Princeton researchers uncover hidden mathematical link between origami and structural design

Designing irregular structures often means wrestling with huge systems of equations. Princeton engineers have found a shortcut, using a mathematical bridge between origami and tensegrity to preserve known mechanical properties as a structure shifts into a more complex shape. Tensegrity is a structural principle where a continuous network of tension (cables or strings) and a discontinuous set of compression members stabilizes a system.

The work, published March 19 in the Proceedings of the National Academy of Sciences, shows that the equations governing how origami surfaces fold along creases can be directly translated into the rules governing how tensegrity structures distribute compressive and tensile forces. Glaucio Paulino, the Margareta Engman Augustine Professor of Engineering, and postdoctoral researcher Xiangxin Dang led the work. The researchers dubbed their theory “invariant dual mechanics of tensegrity and origami.”

The method gives designers a way around one of the most challenging parts of irregular-structure design. Regular shapes such as cubes and spheres can be described with a small set of variables. Irregular forms, including termite-mound ventilation networks or the trabecular lattice inside human bone, require many more. Those variables can balloon into large systems of equations. In turn, that makes computational design slow or impractical.

The Princeton team’s approach starts from a symmetric structure. Because its mechanical behavior is already known, including its stability, flexibility and load distribution, engineers can transform the structure into a more irregular form. And they can accomplish this while preserving its properties. Since the math stays consistent through the transformation, the new shape’s behavior can be predicted without rebuilding the analysis from the ground up.

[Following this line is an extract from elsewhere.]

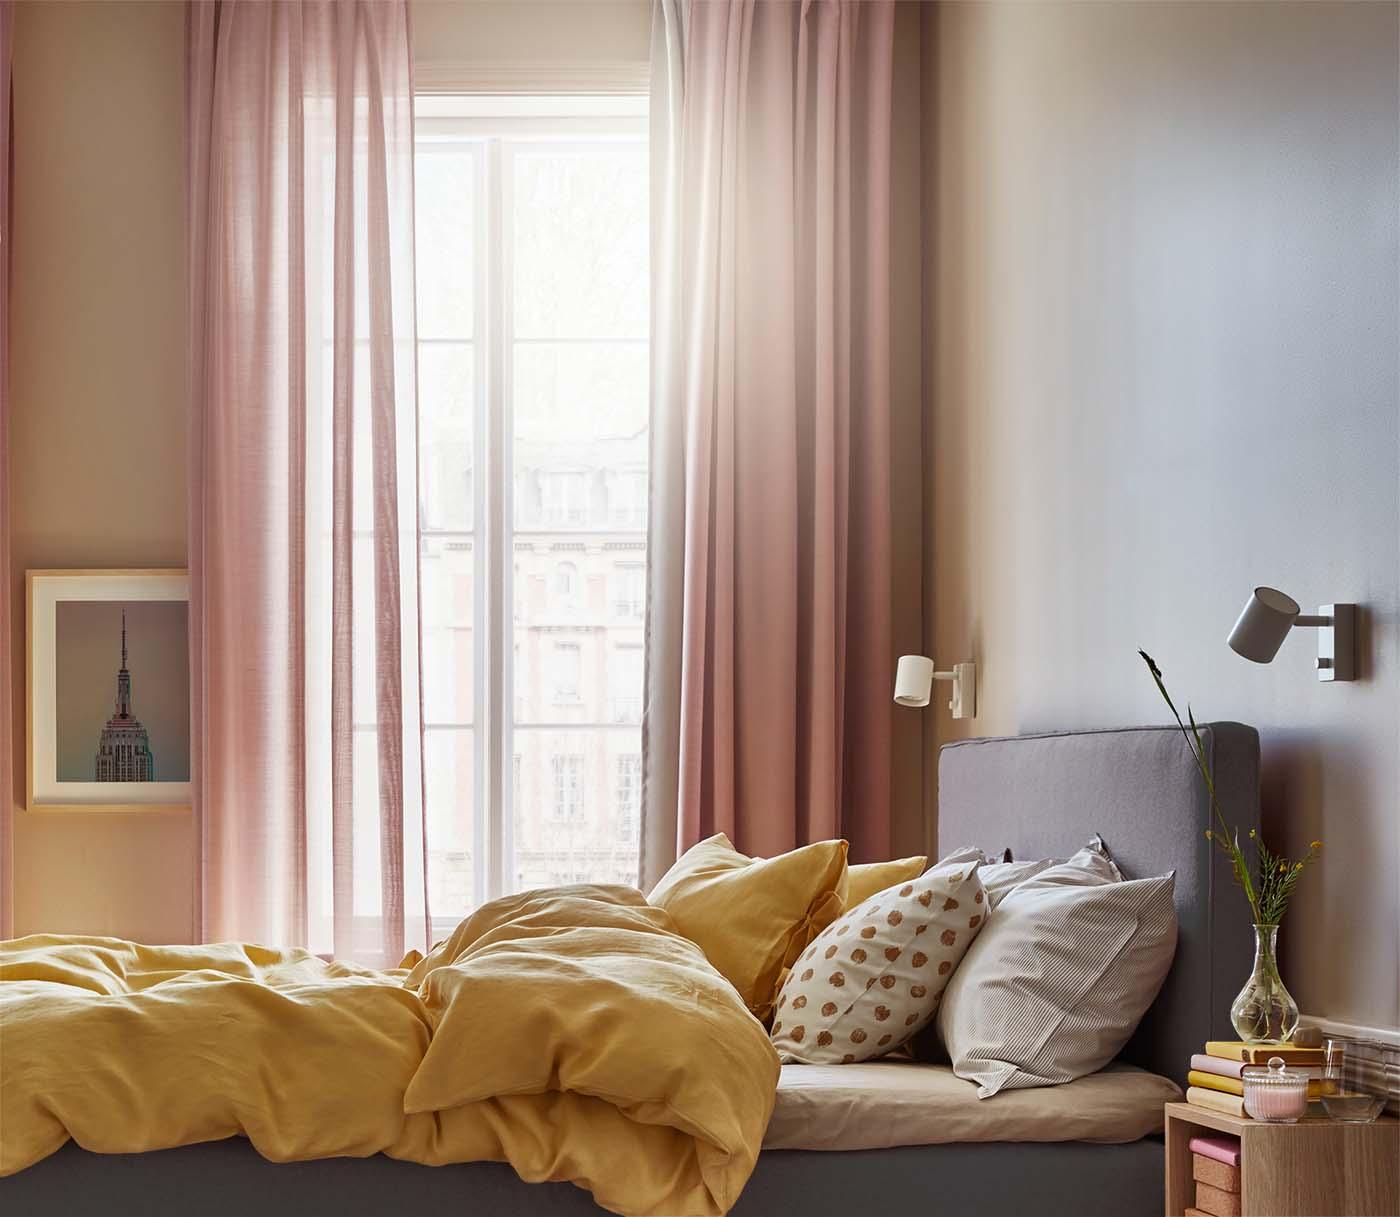 Paksut ja ohuet verhot lämpimän värisessä makuuhuoneessa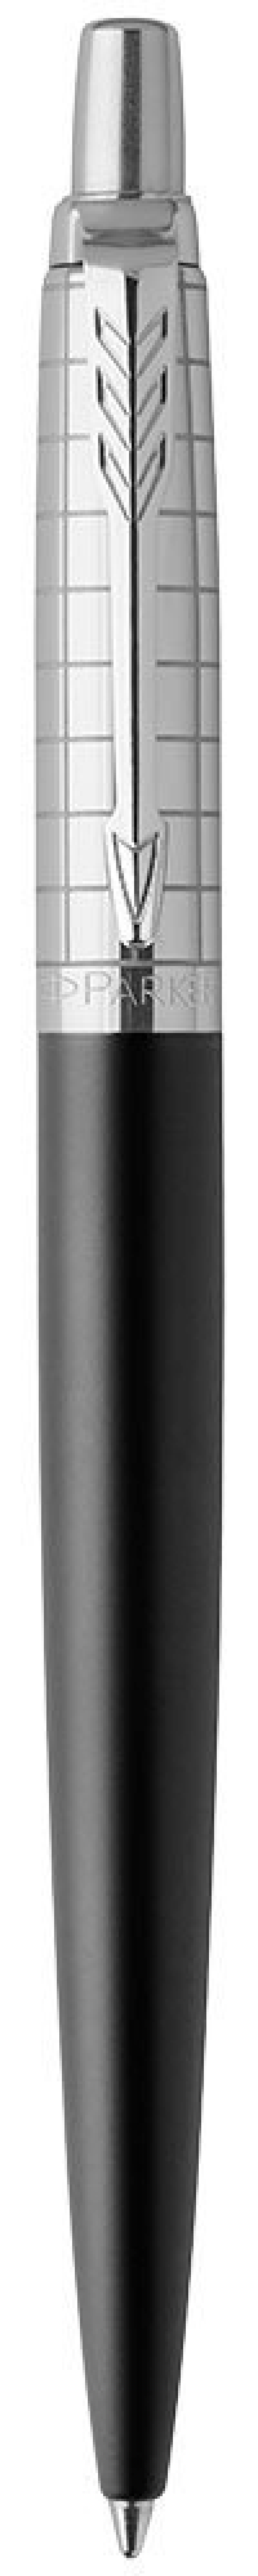 Шариковая ручка автоматическая Parker Jotter Premium K176 Bond Street синий M 1953195 шариковая ручка parker jotter цвет красный 1005109

The insight builds on rigidity theory, a branch of mathematics that couples force and motion analysis. Dang noted that early theoretical work in this area dates back several decades but had not been developed into practical engineering tools. Paulino’s lab, specializing in translating abstract mathematical frameworks into applied structural and materials systems, recognized the opportunity to bridge that gap through origami and tensegrity.

In November 2024, Dang and Paulino published work in PNAS on folding high-genus surfaces (sheets with many holes) into functional metamaterials. In April 2025, the lab published in Science Advances on shape and topology morphing of closed surfaces integrating origami and kirigami. That same month, Paulino’s group made the cover of Nature with their “metabot,” a modular chiral origami metamaterial that can twist, contract, and shrink under a single actuation input, responding to external magnetic fields without any motor or internal gears. Dang contributed simulations and deformation models to that project as well.

Paulino received the ASME Drucker Medal in 2020 and the Society of Engineering Science’s Eringen Medal in 2023, both citing his contributions to geometric mechanics associated with origami and tensegrity engineering.

The Princeton team says designers could start with a regular structure whose stability or flexibility is already understood, then transform it into irregular versions that preserve those properties. The release points to robotics and metamaterials as likely uses. Both rely on complex geometries whose behavior can be expensive to predict. The researchers also frame the method as useful for design optimization. Examples of the latter include tuning an autobody shape or generating three-dimensional architected materials with known mechanical behavior.